To assess their eligibility for the PRK procedure all patients were subjected to a complete ophthalmological examination with visual acuity (VA) assessment, refraction, slit lamp evaluation, tonometry and fundus. The instrumental evaluation comprised corneal topography, tomography, corneal thickness, Schirmer test, TBUT and in vivo corneal confocal microscopy (IVCM). VA, refraction, corneal topography, pachymetry and IVCM were reassessed at 1–3–6 and 12 months after PRK.

IVCM was performed with the Confoscan 4 (Nidek Technologies, Vigonza, Italy), equipped with the Z-Ring to provide central image acquisition. The presence of nerve fibers of SBNP was detected at each time point and three fields for each eye were examined by the same experienced operator on 0.159 mm2 frames. Sub-basal nerve plexus (SBNP) fibers were analyzed by the ImageJ/Neuron-J plug in (National Institute of Health, Bethesda, United States), a semiautomated software for nerve tracing and analysis showing a high interobserver repeatability (Cottrell et al., 2014; Dehghani et al., 2014).

The nerve fibers density (NFD) was calculated in μm/mm2 and an average value was considered for calculations.
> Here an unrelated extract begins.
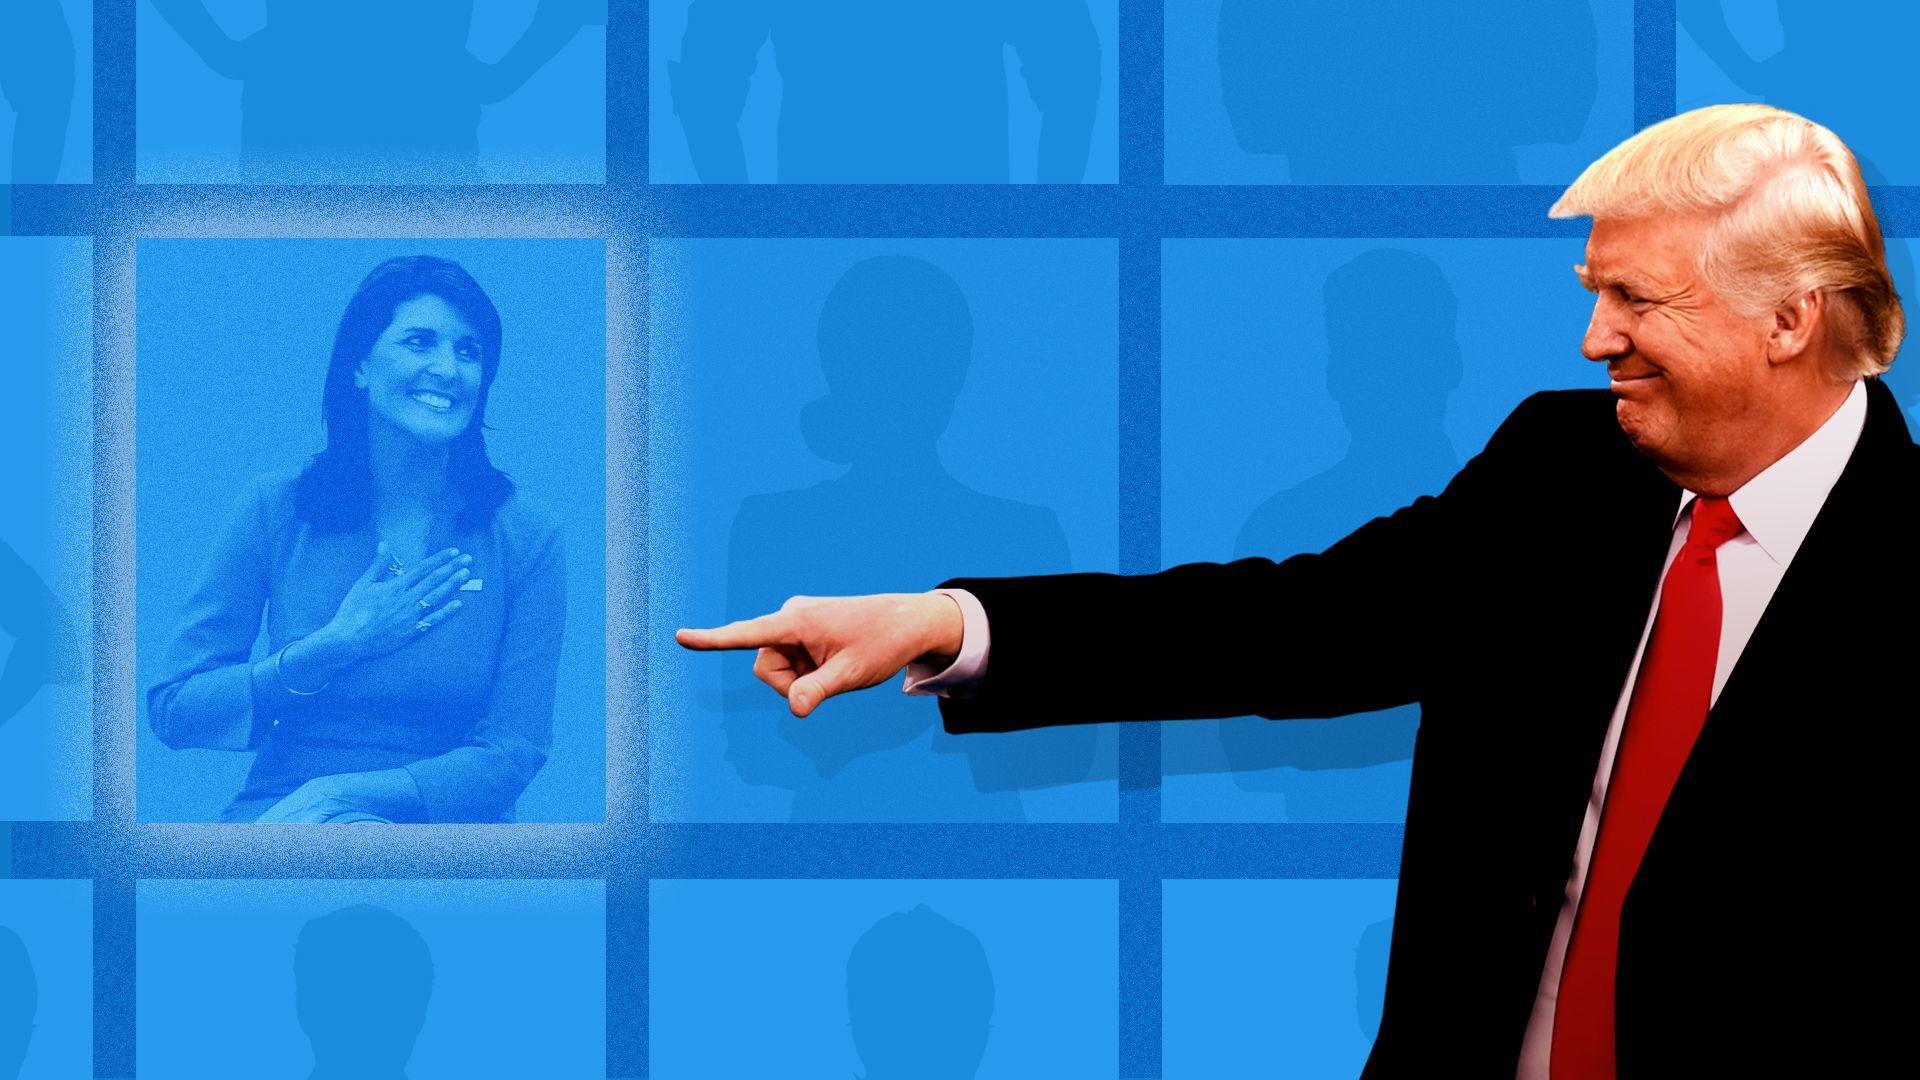 Illustration: Trump pointing at flattered Nicki Haley.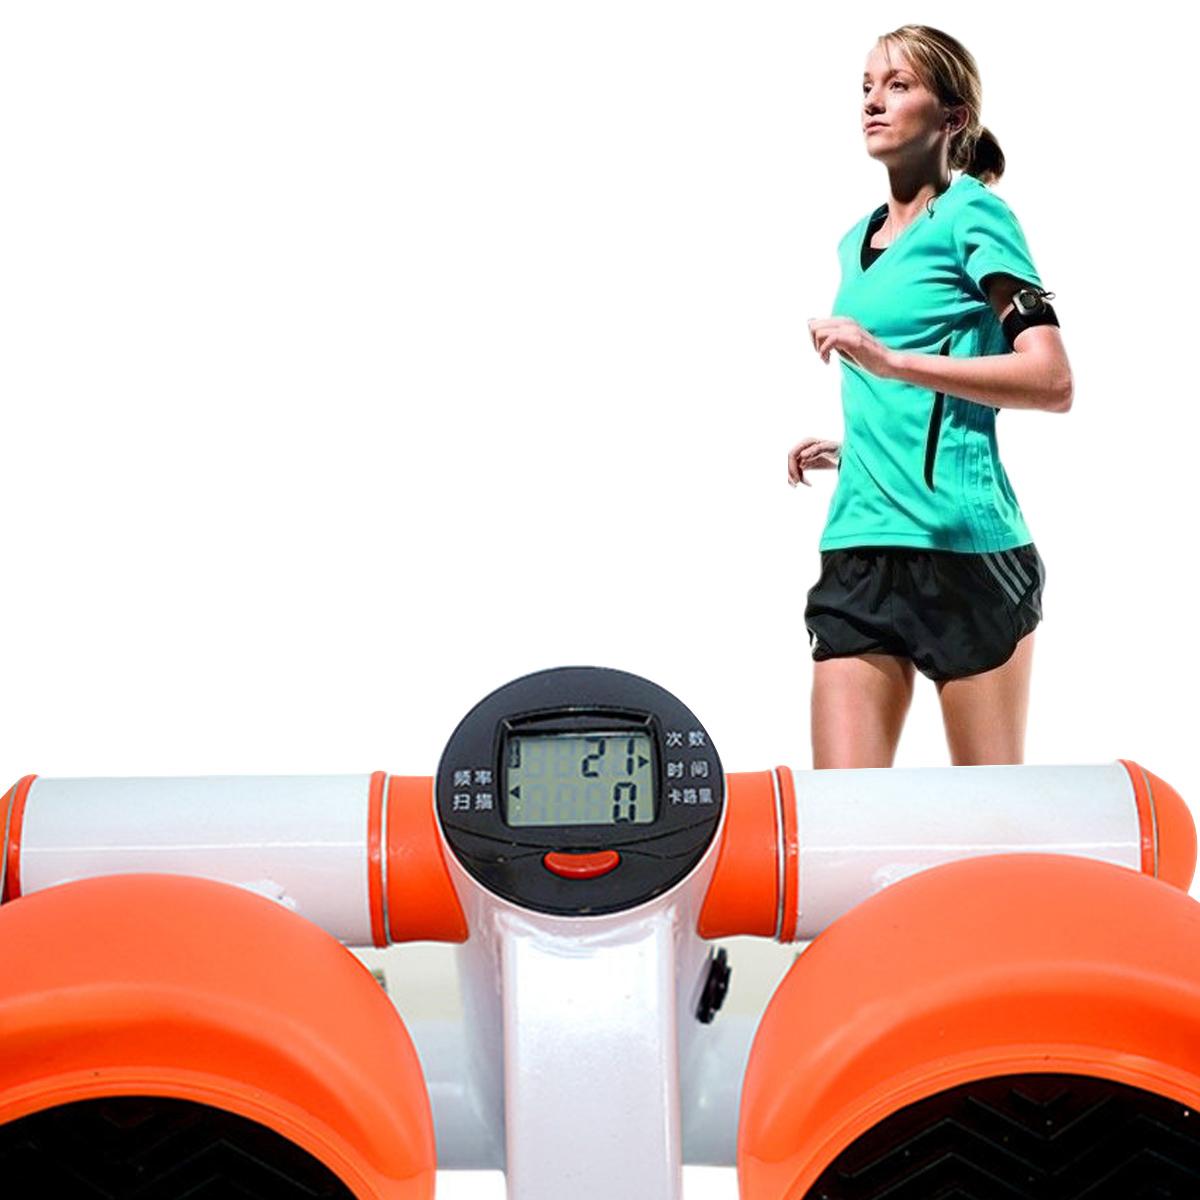 Fitness Mini Stepper Leg Trainer Cardio Sports Pedal Exerciser Fitness Sport Home Exercise Tools

The number of subjects enrolled in the present study (n = 40: 20 controls and 20 AA-treated) was based on statistical power calculation made with G Power software version 3.1 setting the power to 0.80, α to 0.05 and considering a large effect size (on the basis of previous studies, showing how slow is nerve regeneration after PRK (Erie, 2003). Statistical analysis was performed with Graph Pad Prism (version 8). Fisher’s exact test was used for non-parametric data (presence of nerve fibers), whereas unpaired Student’s T-test was used to analyze the parametric data normally distributed (age, refractive error, ablation depth, NFD).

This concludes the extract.